Sagar Khanna
About Sagar Khanna
Sagar Khanna is a Data Scientist II at TomTom in Pune, Maharashtra, India, with extensive experience in data analysis, automation, and optimization.
Current Role at TomTom
Sagar Khanna is working as a Data Scientist II at TomTom in Pune, Maharashtra, India. His tenure began in 2023, where he plays a crucial role in handling data-driven tasks and developing new analytical models. His responsibilities include implementing machine learning algorithms, optimizing data processes, and contributing to the enhancement of TomTom’s data infrastructure.
Previous Roles at TomTom
Before his current role, Sagar Khanna has had a progressive career at TomTom, starting as a Map Editor in 2017. He subsequently transitioned to roles such as Python/Automation Developer, Data Analyst, Senior Analyst, and Data Scientist I. His cumulative experience at TomTom includes developing automation scripts, performing data analysis, and increasing operational efficiency through innovative solutions.
Education and Expertise
Sagar Khanna obtained his B.Tech in Geoinformatics Engineering from the University of Petroleum and Energy Studies (UPES) from 2013 to 2017. His educational background has provided him with a solid foundation in geo-informatics and related technologies, enabling him to excel in data science roles throughout his career.
Open Source Contributions
Sagar Khanna has actively contributed to open-source projects on platforms such as HuggingFace. He has deployed AI art models and large language model applications, showcasing his expertise in machine learning and artificial intelligence. These contributions reflect his commitment to advancing technology and sharing knowledge with the community.

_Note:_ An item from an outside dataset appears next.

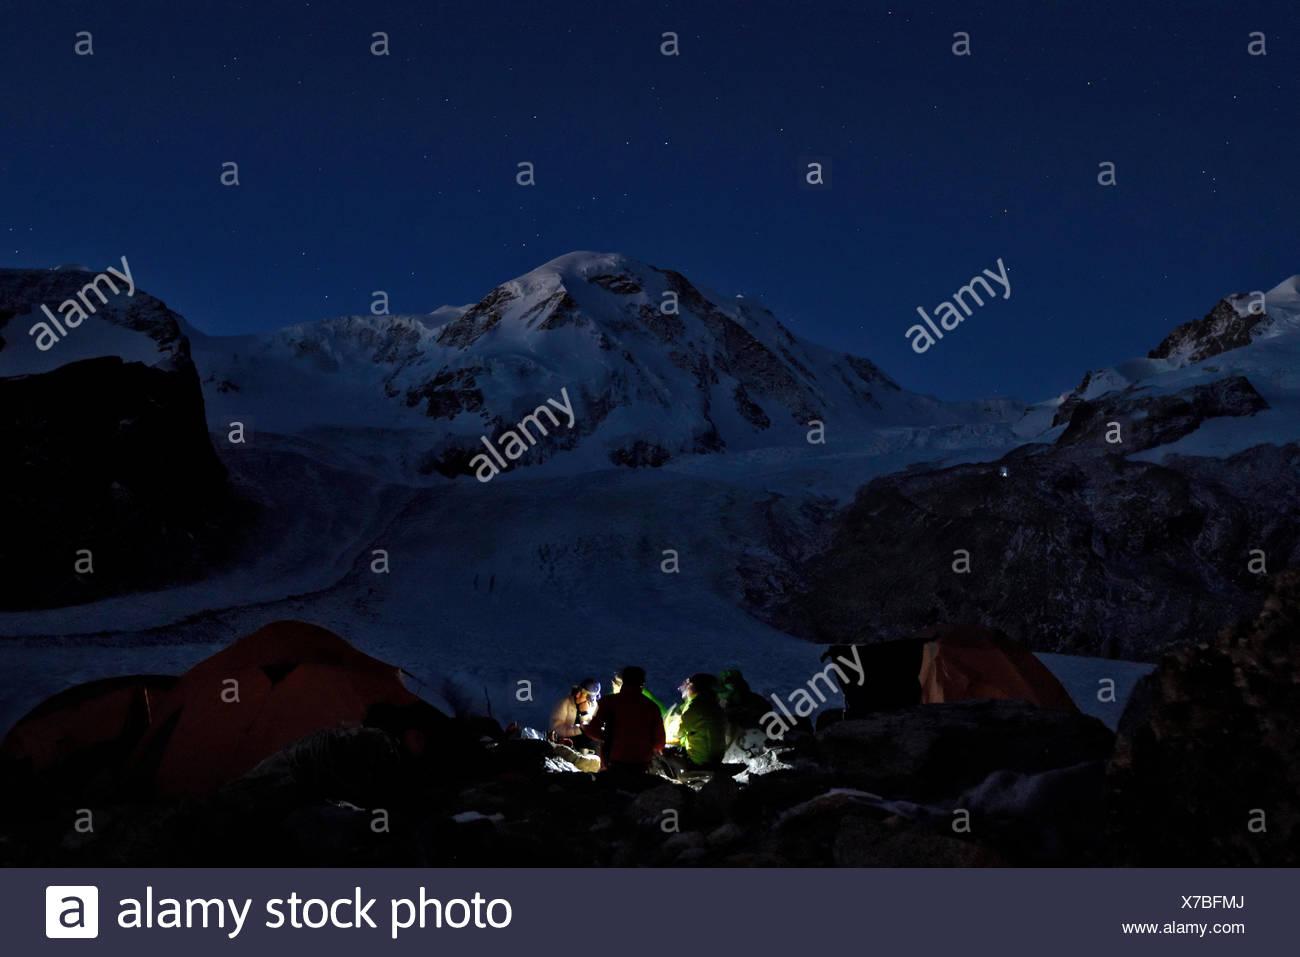 Vier italienische Höhlenforscher genießen ihre letzte Nacht auf dem Gletscher unter dem Sternenhimmel ihrer Mahlzeit. Die schwacher Umriss und Form der Gornergletsc Stockbild

Project Implementations and Automations
Sagar Khanna has successfully implemented several key projects aimed at enhancing operational efficiency. He implemented a chatbot using GPT-3.5-turbo on Azure OpenAI to handle product release note queries, significantly reducing manual effort. Additionally, he automated NDS maps product statistics validation using Azure Databricks, saving over 30 hours per week for stakeholders. He also optimized data pipelines to reduce cloud expenses by 72%, resulting in monthly savings of €720.